ARLINGTON, Va.--(BUSINESS WIRE)--The National Evaluation System for health Technology Coordinating Center (NESTcc), an initiative of the Medical Device Innovation Consortium (MDIC), today announced the addition of two new members to its Governing Committee: David Feygin, Ph.D., MBA, chief digital health officer and vice president of IT digital health at Boston Scientific, and David Rhew, M.D., chief medical officer and vice president of healthcare, Worldwide Commercial Business (WCB) at Microsoft.
The NESTcc Governing Committee is comprised of stakeholders from across the medical device ecosystem committed to the success of NESTcc. As the medical device and real-world evidence (RWE) ecosystem evolves to leverage digital health technologies, the NESTcc Governing Committee has selected Drs. Feygin and Rhew as representatives from the digital health stakeholder group to reflect innovative perspectives that are vital to the development and assessment of new technologies.

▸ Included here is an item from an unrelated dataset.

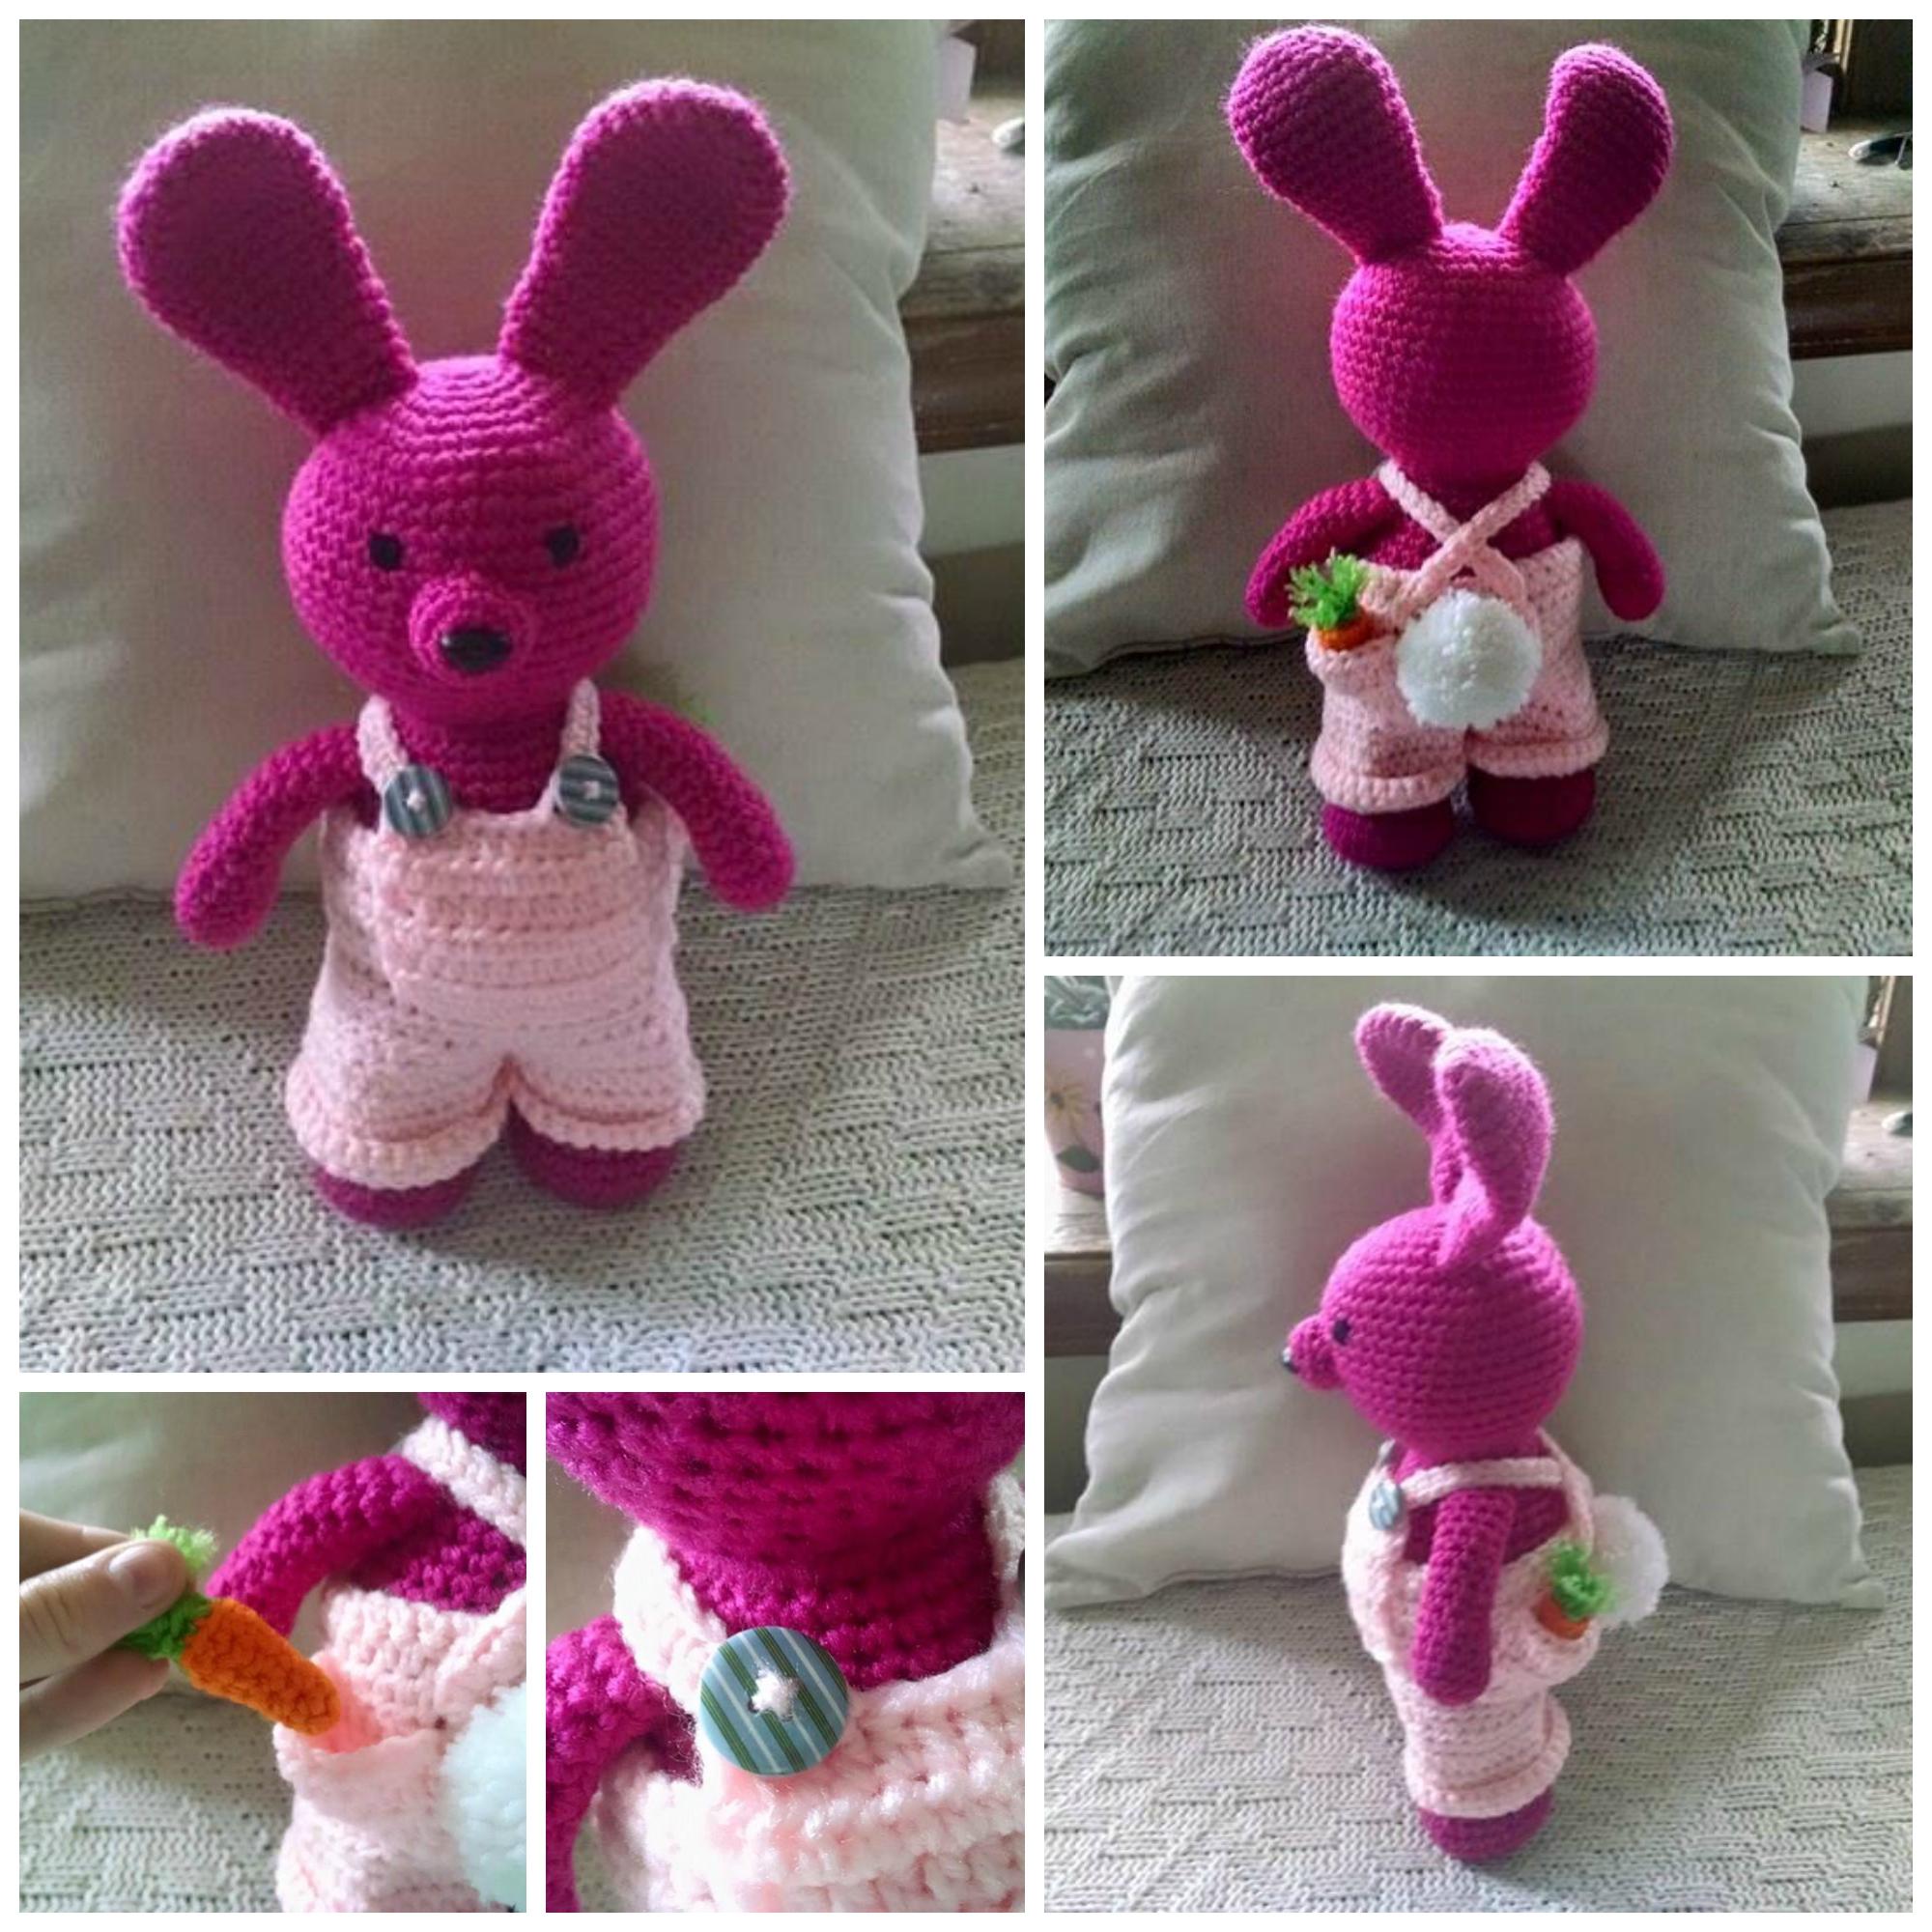 Crochet Amigurumi Easter Bunny : Amigurumi Crochet Easter Bunny by Mickeycricky on DeviantArt

“From using artificial intelligence and machine learning for active surveillance to evaluating digital health tools for patient care, NESTcc is leading initiatives at the forefront of state-of-the-science, RWE clinical research for digital health technologies,” said Sandra Siami, MPH, senior vice president of NESTcc. “David Feygin and David Rhew are key opinion leaders and experts in their field, and we are thrilled to welcome them both to the NESTcc Governing Committee as we seek to expand NESTcc’s impact and reimagine the medical device regulatory paradigm.”
Dr. Feygin has led digital health organizations throughout his career, including establishing global efforts in the areas of advanced analytics, digital health transformation, and unified health IT infrastructure to improve patient safety and outcomes. He has developed digital applications that consider real-world utilization, leverage real-world and real-time data, and quickly iterate to ensure optimal care.
Dr. Rhew has been a driving force behind the development, validation, and deployment of digital health solutions recognized by global organizations as being some of the most innovative and impactful in the industry. A physician and computer scientist, Dr. Rhew is Chairman of the Consumer Technology Association’s Health Technology Division Board and faculty affiliate for the Center for Innovation in Global Health at Stanford University. Dr. Rhew has also served in key leadership roles at Samsung, Zynx Health Incorporated, the Division of Infectious Diseases at the VA Greater Los Angeles Healthcare System, and the National Quality Forum.
“Digital health tools are shaping the way care is delivered and the results we’re seeing in patient outcomes. The expertise and leadership of David Feygin and David Rhew are a welcome and exciting addition to the Governing Committee and will help inform NESTcc’s approach to guiding research at the edge of innovation,” said Adrian Hernandez, M.D., MHS, professor of Medicine at Duke School of Medicine, vice dean and executive director of the Duke Clinical Research Institute, and chair of the NESTcc Governing Committee.
About the National Evaluation System for health Technology Coordinating Center
In 2016, the U.S. Food and Drug Administration (FDA) awarded the Medical Device Innovation Consortium (MDIC) funding to establish the National Evaluation System for health Technology Coordinating Center (NESTcc). The Coordinating Center seeks to support the sustainable generation and use of timely, reliable, and cost-effective Real-World Evidence (RWE) throughout the medical device lifecycle, using high-quality Real-World Data (RWD) that meets robust methodological standards for the purpose of enhancing regulatory and clinical decision-making. For more information, visit http://www.nestcc.org.
About the Medical Device Innovation Consortium
Founded in 2012, the Medical Device Innovation Consortium (MDIC) is the first public-private partnership created with the sole objective of advancing medical device regulatory science throughout the total product life cycle. MDIC’s mission is to promote public health through science and technology and to enhance trust and confidence among stakeholders. MDIC works in the pre-competitive space to facilitate development of methods, tools, and approaches that enhance understanding and improve evaluation of product safety, quality, and effectiveness. Its initiatives improve product safety and patient access to cutting-edge medical technology while reducing cost and time to market. For more information, visit http://www.mdic.org.
Funding for NESTcc was made possible, in part, by the Food and Drug Administration through grant (3 U01 FD006292-03S1). Views expressed in written materials or publications and by speakers and moderators do not necessarily reflect the official policies of the Department of Health and Human Services; nor does any mention of trade names, commercial practices, or organization imply endorsement by the United States Government.